### Your instructions:
Starting with the line that contains "El escritor y" and stopping after the line that contains "Eveline Cosmetics Gold", copy the entries below exactly. Include nothing else.

[Entries provided — start]

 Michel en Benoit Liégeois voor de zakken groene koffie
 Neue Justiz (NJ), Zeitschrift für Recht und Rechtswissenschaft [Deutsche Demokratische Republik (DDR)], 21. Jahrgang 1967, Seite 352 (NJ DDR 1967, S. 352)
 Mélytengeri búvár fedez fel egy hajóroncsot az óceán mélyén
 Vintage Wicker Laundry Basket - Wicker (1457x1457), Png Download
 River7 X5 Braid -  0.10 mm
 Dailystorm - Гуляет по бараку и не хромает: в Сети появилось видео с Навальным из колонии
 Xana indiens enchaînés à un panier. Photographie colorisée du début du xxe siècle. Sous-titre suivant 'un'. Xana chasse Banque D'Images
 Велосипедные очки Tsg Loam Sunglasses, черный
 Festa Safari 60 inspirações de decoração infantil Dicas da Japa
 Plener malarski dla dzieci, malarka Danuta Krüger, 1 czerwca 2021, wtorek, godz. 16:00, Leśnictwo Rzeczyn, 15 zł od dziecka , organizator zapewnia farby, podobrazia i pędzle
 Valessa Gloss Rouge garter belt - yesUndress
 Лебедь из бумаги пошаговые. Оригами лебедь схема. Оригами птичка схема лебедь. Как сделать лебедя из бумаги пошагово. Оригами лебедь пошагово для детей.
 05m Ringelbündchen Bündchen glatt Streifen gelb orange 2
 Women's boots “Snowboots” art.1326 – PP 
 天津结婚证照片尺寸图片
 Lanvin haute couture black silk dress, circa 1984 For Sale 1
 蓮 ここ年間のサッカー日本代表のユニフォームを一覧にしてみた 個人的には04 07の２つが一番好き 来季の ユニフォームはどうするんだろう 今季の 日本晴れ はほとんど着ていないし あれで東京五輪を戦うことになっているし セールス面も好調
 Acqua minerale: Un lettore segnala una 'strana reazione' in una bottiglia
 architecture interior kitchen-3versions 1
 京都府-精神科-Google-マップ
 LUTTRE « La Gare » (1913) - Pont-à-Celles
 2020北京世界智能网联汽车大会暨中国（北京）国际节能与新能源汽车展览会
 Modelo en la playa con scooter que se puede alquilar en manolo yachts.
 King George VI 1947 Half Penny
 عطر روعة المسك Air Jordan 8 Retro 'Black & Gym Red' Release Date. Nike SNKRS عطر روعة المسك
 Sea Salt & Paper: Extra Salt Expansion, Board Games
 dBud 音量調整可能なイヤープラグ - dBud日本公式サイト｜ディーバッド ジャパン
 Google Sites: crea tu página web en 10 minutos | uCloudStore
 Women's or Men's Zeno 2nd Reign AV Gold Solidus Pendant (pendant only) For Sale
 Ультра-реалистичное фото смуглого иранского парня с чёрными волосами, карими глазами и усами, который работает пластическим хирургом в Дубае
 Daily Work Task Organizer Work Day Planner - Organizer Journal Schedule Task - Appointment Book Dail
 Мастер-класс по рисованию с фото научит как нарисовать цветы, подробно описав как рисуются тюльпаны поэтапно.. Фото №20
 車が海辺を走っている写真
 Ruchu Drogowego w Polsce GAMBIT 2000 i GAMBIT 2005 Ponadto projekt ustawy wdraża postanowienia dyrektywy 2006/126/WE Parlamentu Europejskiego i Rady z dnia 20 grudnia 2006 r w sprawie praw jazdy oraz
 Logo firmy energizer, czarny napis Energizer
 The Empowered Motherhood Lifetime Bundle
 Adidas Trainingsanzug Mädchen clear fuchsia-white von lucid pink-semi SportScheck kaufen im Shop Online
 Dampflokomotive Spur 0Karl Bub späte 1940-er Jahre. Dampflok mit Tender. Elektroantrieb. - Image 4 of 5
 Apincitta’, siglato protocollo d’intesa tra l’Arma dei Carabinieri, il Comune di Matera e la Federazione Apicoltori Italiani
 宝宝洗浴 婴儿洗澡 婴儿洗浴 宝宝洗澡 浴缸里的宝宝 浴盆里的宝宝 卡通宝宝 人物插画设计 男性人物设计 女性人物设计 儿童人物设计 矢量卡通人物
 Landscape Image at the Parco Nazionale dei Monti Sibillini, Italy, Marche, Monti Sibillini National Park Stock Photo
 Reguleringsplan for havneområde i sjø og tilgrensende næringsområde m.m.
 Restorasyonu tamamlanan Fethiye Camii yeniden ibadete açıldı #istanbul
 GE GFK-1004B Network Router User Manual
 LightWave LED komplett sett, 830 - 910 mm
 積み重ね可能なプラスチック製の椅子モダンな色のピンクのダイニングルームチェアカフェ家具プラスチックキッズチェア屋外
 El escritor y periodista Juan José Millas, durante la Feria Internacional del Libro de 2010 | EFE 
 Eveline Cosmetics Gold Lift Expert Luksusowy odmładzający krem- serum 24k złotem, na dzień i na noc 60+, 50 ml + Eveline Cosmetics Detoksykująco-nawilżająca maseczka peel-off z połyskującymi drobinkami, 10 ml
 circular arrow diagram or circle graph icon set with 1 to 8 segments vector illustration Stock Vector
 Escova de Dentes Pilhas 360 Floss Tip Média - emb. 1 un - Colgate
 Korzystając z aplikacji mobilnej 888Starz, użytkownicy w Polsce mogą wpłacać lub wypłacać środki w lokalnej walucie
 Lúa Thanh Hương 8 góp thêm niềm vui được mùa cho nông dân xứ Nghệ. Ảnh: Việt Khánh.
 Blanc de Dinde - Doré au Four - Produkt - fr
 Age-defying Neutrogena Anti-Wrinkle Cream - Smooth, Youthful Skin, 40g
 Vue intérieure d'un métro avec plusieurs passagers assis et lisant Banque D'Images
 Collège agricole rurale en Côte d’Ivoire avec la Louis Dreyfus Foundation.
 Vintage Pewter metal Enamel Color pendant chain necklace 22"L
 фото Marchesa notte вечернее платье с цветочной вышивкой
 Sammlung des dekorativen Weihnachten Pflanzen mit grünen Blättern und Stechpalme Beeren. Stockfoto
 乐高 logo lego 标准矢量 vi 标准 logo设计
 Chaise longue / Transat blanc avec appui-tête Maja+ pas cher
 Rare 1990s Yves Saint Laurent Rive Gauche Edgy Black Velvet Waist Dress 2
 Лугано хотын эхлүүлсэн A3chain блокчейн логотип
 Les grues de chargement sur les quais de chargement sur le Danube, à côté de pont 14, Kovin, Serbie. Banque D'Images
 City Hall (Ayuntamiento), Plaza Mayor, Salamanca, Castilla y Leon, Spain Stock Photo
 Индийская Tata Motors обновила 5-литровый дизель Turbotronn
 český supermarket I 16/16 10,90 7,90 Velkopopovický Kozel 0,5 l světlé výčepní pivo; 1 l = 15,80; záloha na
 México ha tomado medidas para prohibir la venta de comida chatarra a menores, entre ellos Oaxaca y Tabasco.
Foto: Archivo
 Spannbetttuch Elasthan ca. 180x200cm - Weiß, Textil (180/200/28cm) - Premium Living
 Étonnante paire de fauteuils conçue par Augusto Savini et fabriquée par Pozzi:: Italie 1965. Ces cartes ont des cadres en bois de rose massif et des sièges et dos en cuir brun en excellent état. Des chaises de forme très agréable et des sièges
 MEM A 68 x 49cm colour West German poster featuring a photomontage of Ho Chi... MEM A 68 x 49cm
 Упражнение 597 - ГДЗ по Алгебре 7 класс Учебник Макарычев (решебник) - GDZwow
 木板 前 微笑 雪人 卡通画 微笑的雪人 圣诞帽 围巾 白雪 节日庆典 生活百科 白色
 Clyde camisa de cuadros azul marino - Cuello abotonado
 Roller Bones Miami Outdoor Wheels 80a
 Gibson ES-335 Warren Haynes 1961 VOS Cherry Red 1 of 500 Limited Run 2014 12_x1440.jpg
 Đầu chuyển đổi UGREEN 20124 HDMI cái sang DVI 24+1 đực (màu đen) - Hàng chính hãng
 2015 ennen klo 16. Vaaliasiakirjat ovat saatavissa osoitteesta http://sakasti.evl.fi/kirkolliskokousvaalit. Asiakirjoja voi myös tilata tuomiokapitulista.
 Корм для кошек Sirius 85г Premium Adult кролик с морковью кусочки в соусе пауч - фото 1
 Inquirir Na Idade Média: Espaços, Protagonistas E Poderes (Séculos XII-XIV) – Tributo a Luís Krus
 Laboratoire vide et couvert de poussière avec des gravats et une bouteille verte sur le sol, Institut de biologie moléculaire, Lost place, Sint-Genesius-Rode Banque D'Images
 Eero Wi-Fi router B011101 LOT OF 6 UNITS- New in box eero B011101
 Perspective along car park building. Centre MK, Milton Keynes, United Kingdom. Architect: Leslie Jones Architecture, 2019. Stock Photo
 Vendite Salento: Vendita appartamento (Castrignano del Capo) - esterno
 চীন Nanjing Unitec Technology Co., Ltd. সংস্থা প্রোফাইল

[Entries provided — finish]

### Task response:
 El escritor y periodista Juan José Millas, durante la Feria Internacional del Libro de 2010 | EFE 
 Eveline Cosmetics Gold Lift Expert Luksusowy odmładzający krem- serum 24k złotem, na dzień i na noc 60+, 50 ml + Eveline Cosmetics Detoksykująco-nawilżająca maseczka peel-off z połyskującymi drobinkami, 10 ml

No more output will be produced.